The transceiver module is configured to send a task processing instruction to the routing device, where the task processing instruction includes the to-be-processed task and the identifier of the first machine cluster.

17. The apparatus according to claim 16, wherein the determining module is configured to:

According to the task type of the to-be-processed task and preset corresponding rules, determine one or more candidate machine clusters corresponding to the to-be-processed task; the preset corresponding rules are used to indicate the correspondence between multiple task types and machine clusters relationship, the multiple task types include the task type of the to-be-processed task;

The first machine cluster is selected from the one or more candidate machine clusters, and the processing capability of the first machine cluster is higher than the processing capability of other machine clusters in the candidate machine cluster.
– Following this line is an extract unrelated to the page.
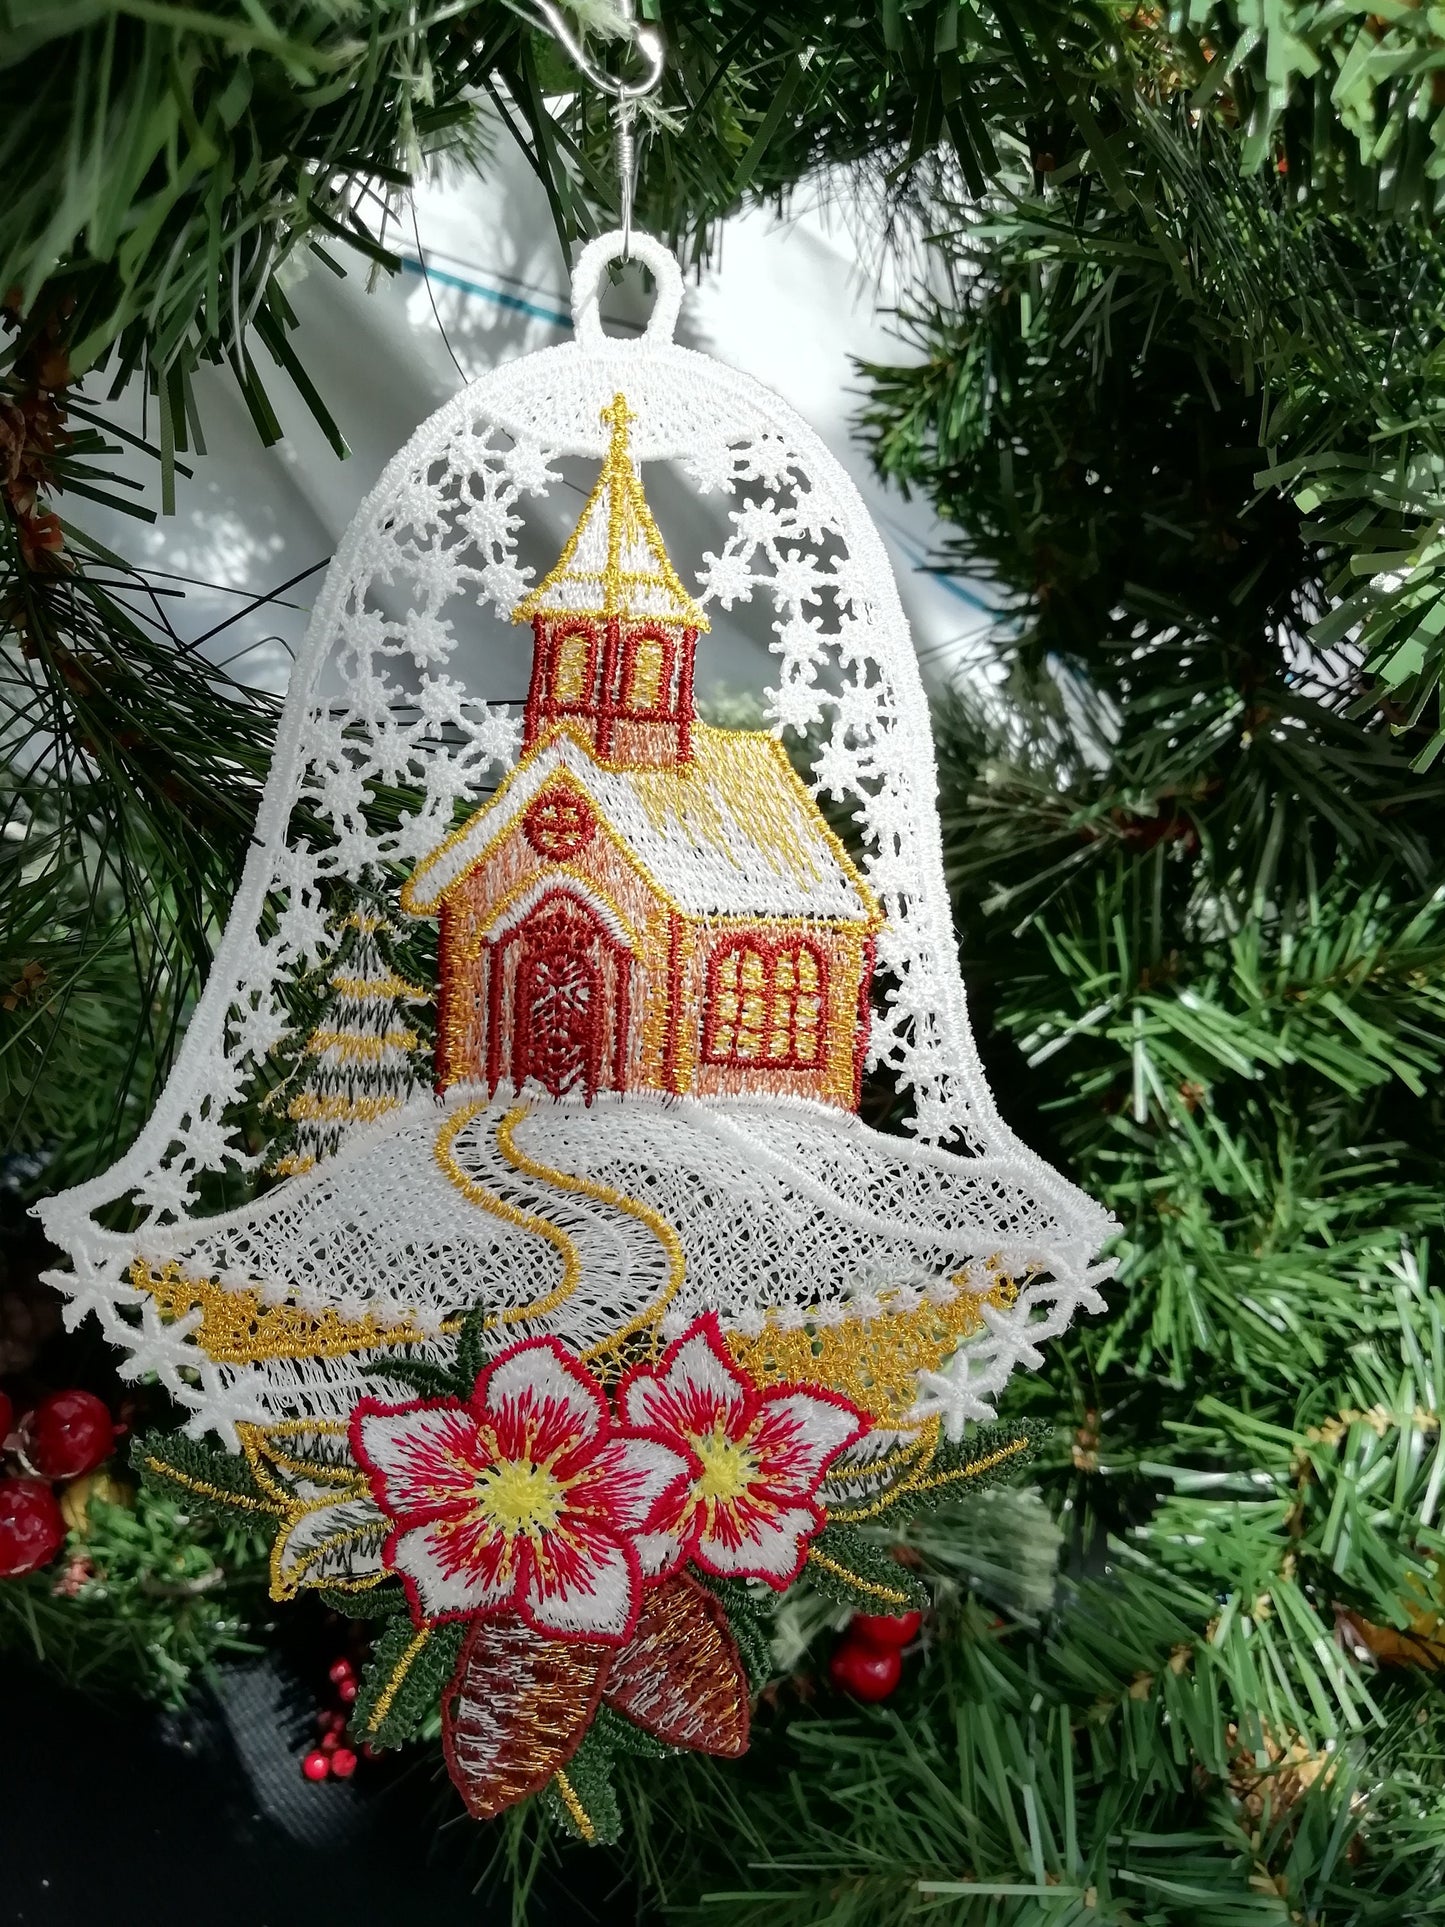 Christmas Bell, Church Bell, Free standing lace, Church decoration, Christmas decoration, Home decoration, Care Home decoration, Nursery

18. A processing device based on a distributed batch processing system, wherein the device comprises:

a receiving module, configured to receive a task processing instruction sent by the control device, where the task processing instruction includes an identifier of the first machine cluster and a task to be processed;

A sending module, configured to send the task to be processed to a first server in the first machine cluster according to the identifier of the first machine cluster; the first server is any server in the first machine cluster .

19. A distributed batch processing system, characterized in that the system comprises a control device, a routing device and at least one machine cluster, and each machine cluster is provided with a plurality of servers;

The control device is configured to acquire the task to be processed, and according to the preset mapping table stored in the control device, determine the first machine cluster in the at least one machine cluster corresponding to the task to be processed, and assign the sending the task to be processed and the identifier of the first machine cluster to the routing device;

the routing device, configured to send the task to be processed to a first server in the first machine cluster, where the first server is any server in the machine cluster;

The first server is configured to shard the to-be-processed task, and send multiple shards corresponding to the to-be-processed task to one or more of the first machine cluster except the first server. multiple second servers; and, acquiring the processing results of the to-be-processed tasks obtained by the one or more second servers after processing the multiple fragments, and sending the processing results of the to-be-processed tasks to the the control device.

20. A computer-readable storage medium comprising instructions which, when run on a computer, cause the computer to perform the method of any one of claims 1 to 9.

21. A computer program product which, when run on a computer, causes the computer to perform the method of any one of claims 1 to 9.